Replaying FlowFiles in Napita empowers users to inspect, troubleshoot, and validate data processing within their workflows. Whether it's verifying the correctness of data transformations or testing configuration changes, the ability to replay FlowFiles provides users with a powerful tool for ensuring the reliability and efficiency of their dataflow.

Step-by-Step Usage Instructions:

Access FlowFile Details:

Right-click on the desired processor within Napita
Select the View Details option from the context menu.

Navigate to Content Tab:

In the View Details dialog window, navigate to the Content tab.

Replay FlowFile:

Review information about the FlowFile's content, such as its location and size.
Click the Submit button to replay the FlowFile at its current point in the flow.
Optionally, click the Download button to download a copy of the FlowFile's content.

Replay Last Event from Processor:

Right-click on the desired Processor within Napita
Select the Replay last event option from the context menu.
Choose whether to replay the last event from just the Primary Node or from all nodes.

Last updated 14 days ago

Troubleshooting

Data Export Errors

This document outlines the Standard Operating Procedure (SOP) for diagnosing and resolving issues where the data exported from HotWax Commerce does not match the required data specifications.

HotWax Commerce uses Napita to transform and export data. If the SQL query in NiFi (Napita) is incorrect, it can result in exporting data that does not meet the client's requirements.
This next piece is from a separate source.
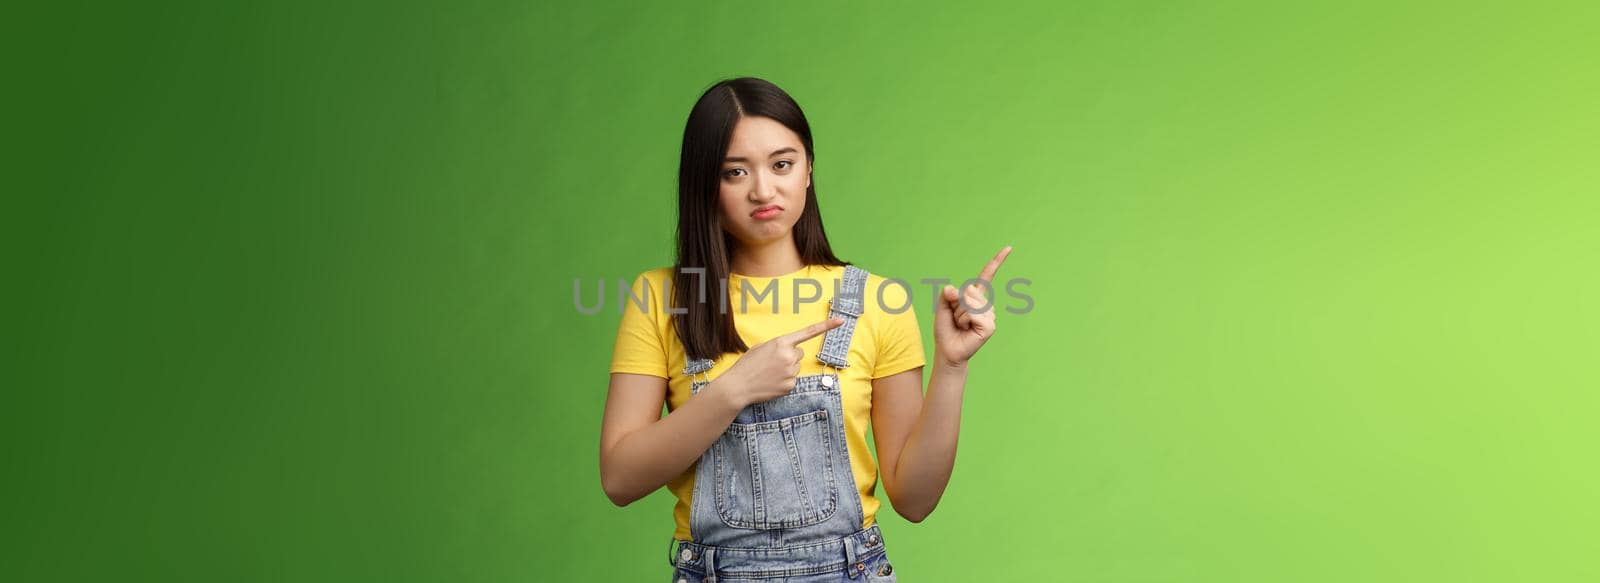 Disappointed uninterested asian gloomy girl pointing fingers left, grimacing sulking displeased, unwilling take part event, stare reluctant unimpressed, pose green background. Copy space

This SOP will guide you through the steps to identify and rectify such issues.

Steps to Diagnose and Resolve Data Export Discrepancies

Verify the Discrepancy

Access the Exported Data:
- Navigate to the location where the exported data is stored (e.g., SFTP location).
- Download and review the exported data file.
Compare with Required Data:
- Obtain the data requirements from the client.
- Compare the exported data against the required data specifications to identify discrepancies.

Initial Checks

Check the Last Sync:
- Verify the last sync time to ensure that the latest data has been exported.
Review Recent Changes:
- Check for any recent changes in the data requirements or the Napita setup.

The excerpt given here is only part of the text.